Because of its size our approach was to lay the cooler on its back, place the motherboard on top and literally bolt it on using four bolts at the rear of the board.
With the cooler in place, it makes removing memory sticks at best difficult, and impossible at worst.
Ideally, the airflow over the memory should be welcome, despite its first having to pass through a heatsink connected to the TEC cooling system.
Once in place and powered up, the unit relies on the motherboard to manage its fans, as most coolers do.

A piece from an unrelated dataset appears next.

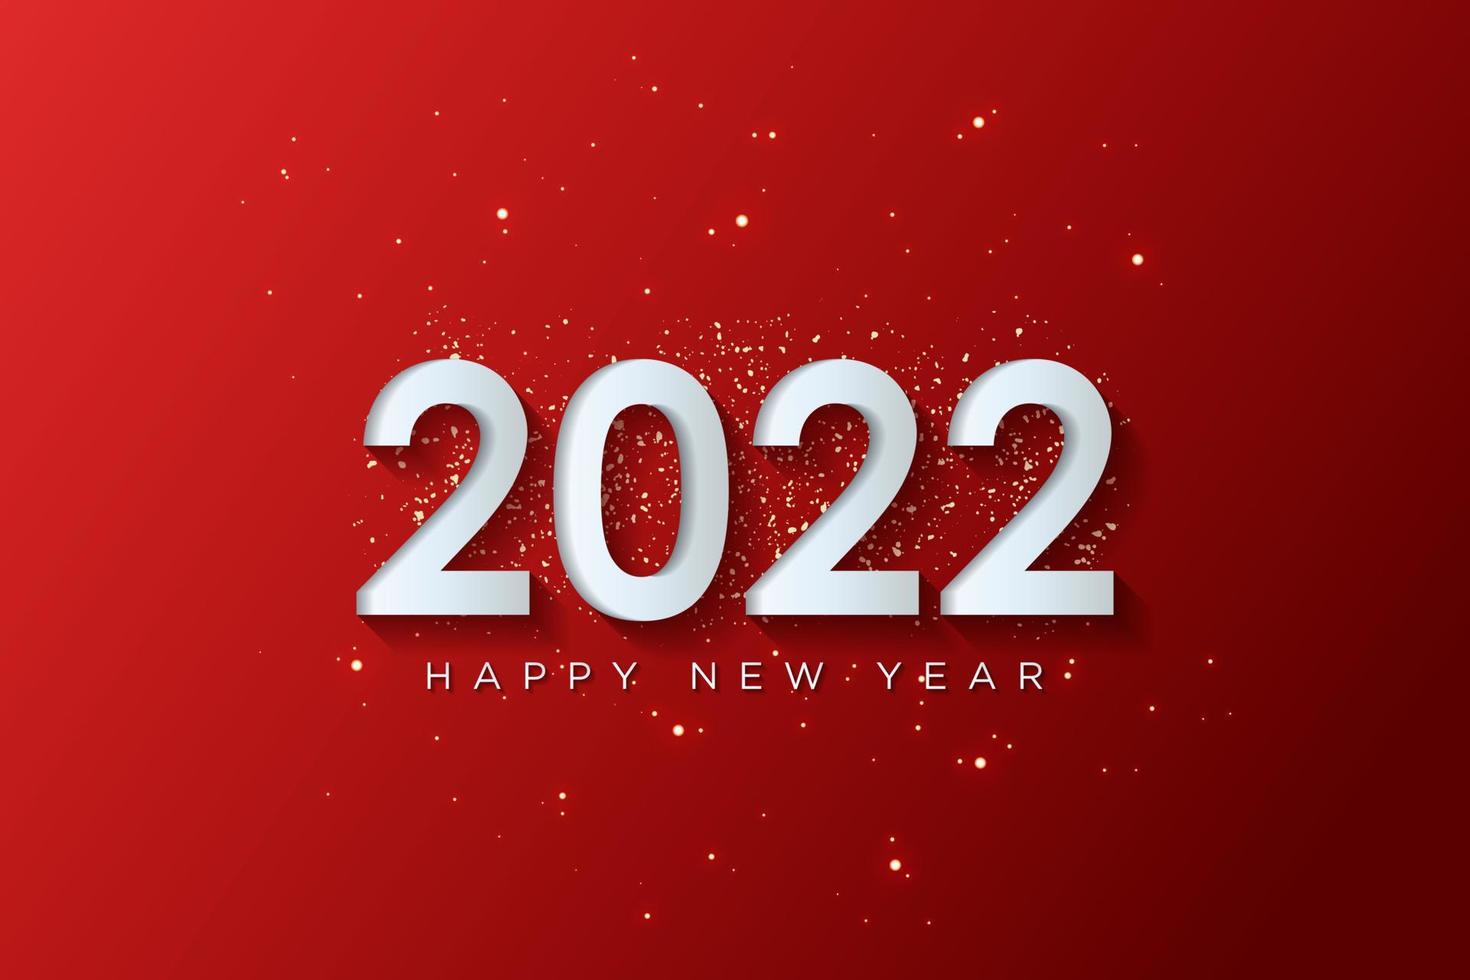 2022 gott nytt år gratulationskort med abstrakt bakgrundsdesign för gratulationskort, affisch, banner. vektor illustration.
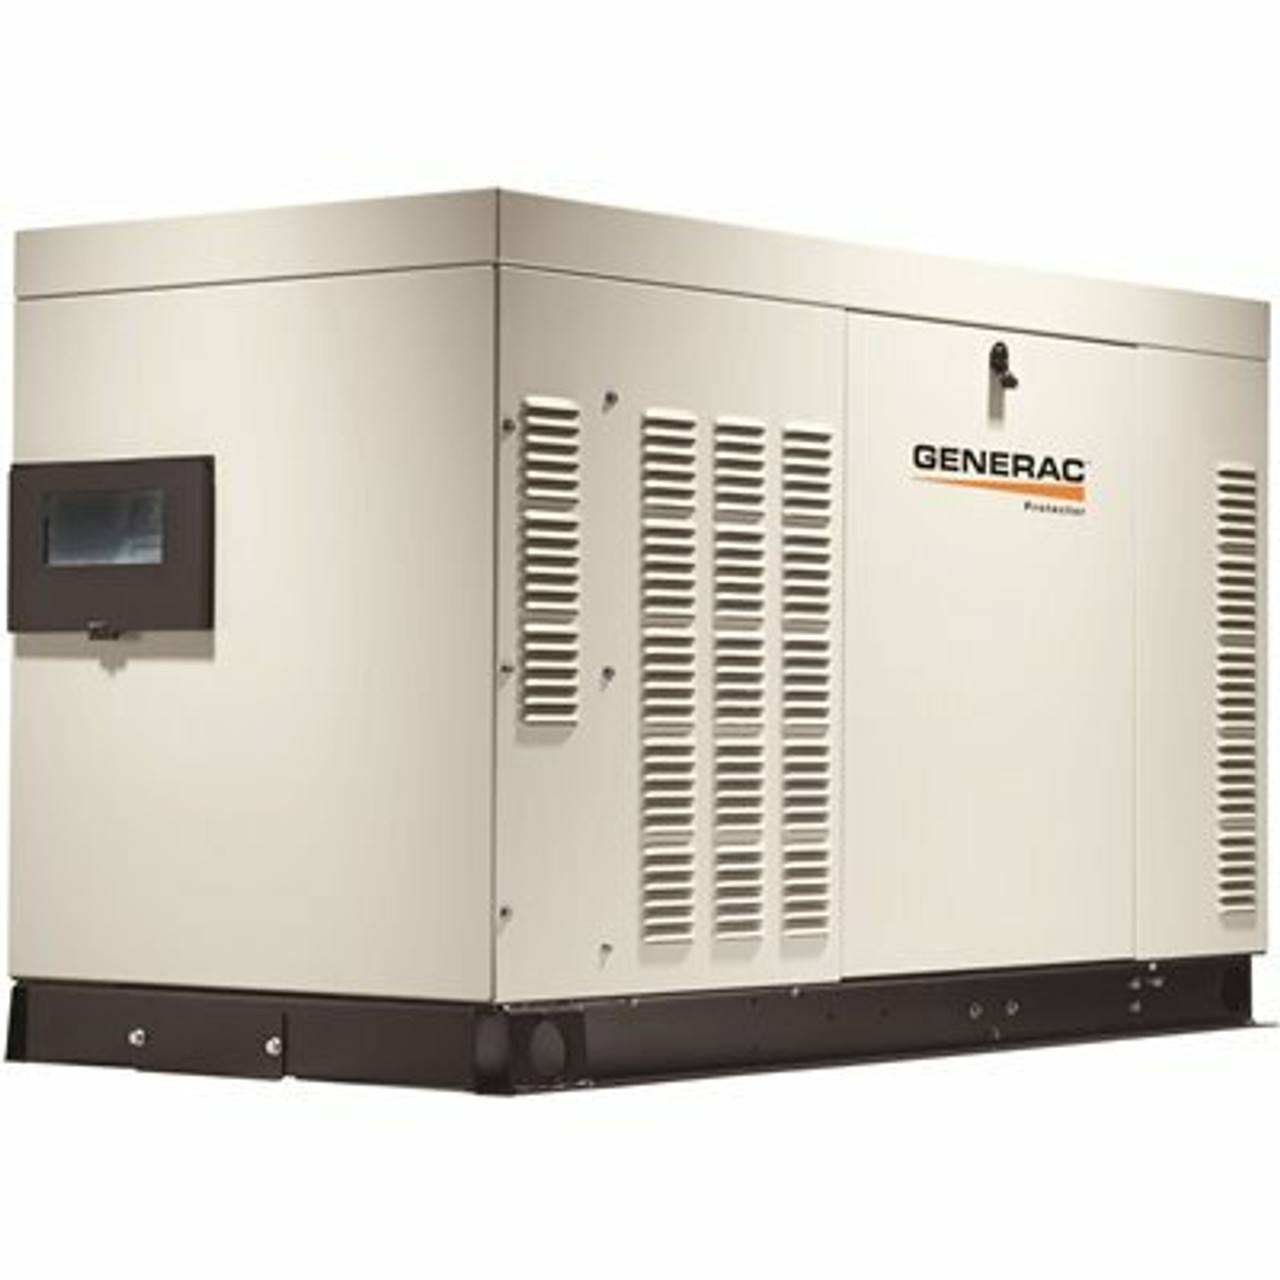 Generac 25,000-Watt 120-Volt/240-Volt Liquid Cooled Standby Generator 3-Phase With Aluminum Enclosure

While that's fine, with a unit of this size and price we'd have expected some type of manual control on top.
Considering the twin fans, it's not overtly noisy – certainly you won't miss that it's running, but it's a good clean fan noise.
With six heat pipes direct to its main fin array and four more from the TEC cooler, plus a copper base, we expected great performance. An unloaded temperature of 63C is good, but is outclassed by the Prolimatech Genesis by 5C.
This performance continued through to the loaded conditions as well. Though it is out-cooling the stock unit by a good 12C.
We liked:
The idea of creating a one-stop cooling solution for both CPU and RAM is a good one, but the Prolimatech Genesis does a far better job.
We disliked:
In its attempt to bolt as much on as possible, we think Cooler Master has lost sight of simple efficient cooling. Installation is tricky and causes issues with memory. It's also overly noisy for the level of cooling it provides.
Final word:
This is an impressive piece of engineering that sadly fails to do its job well enough.